| Instructions to follow |
Would you return the complete listing below word for word?

| Exercise data |
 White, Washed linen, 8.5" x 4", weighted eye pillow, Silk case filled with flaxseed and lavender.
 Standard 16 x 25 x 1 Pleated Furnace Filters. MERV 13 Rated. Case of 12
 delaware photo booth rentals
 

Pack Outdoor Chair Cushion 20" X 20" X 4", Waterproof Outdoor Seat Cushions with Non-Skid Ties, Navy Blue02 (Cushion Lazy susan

| Final answer |
 White, Washed linen, 8.5" x 4", weighted eye pillow, Silk case filled with flaxseed and lavender.
 Standard 16 x 25 x 1 Pleated Furnace Filters. MERV 13 Rated. Case of 12
 delaware photo booth rentals
 

Pack Outdoor Chair Cushion 20" X 20" X 4", Waterproof Outdoor Seat Cushions with Non-Skid Ties, Navy Blue02 (Cushion Lazy susan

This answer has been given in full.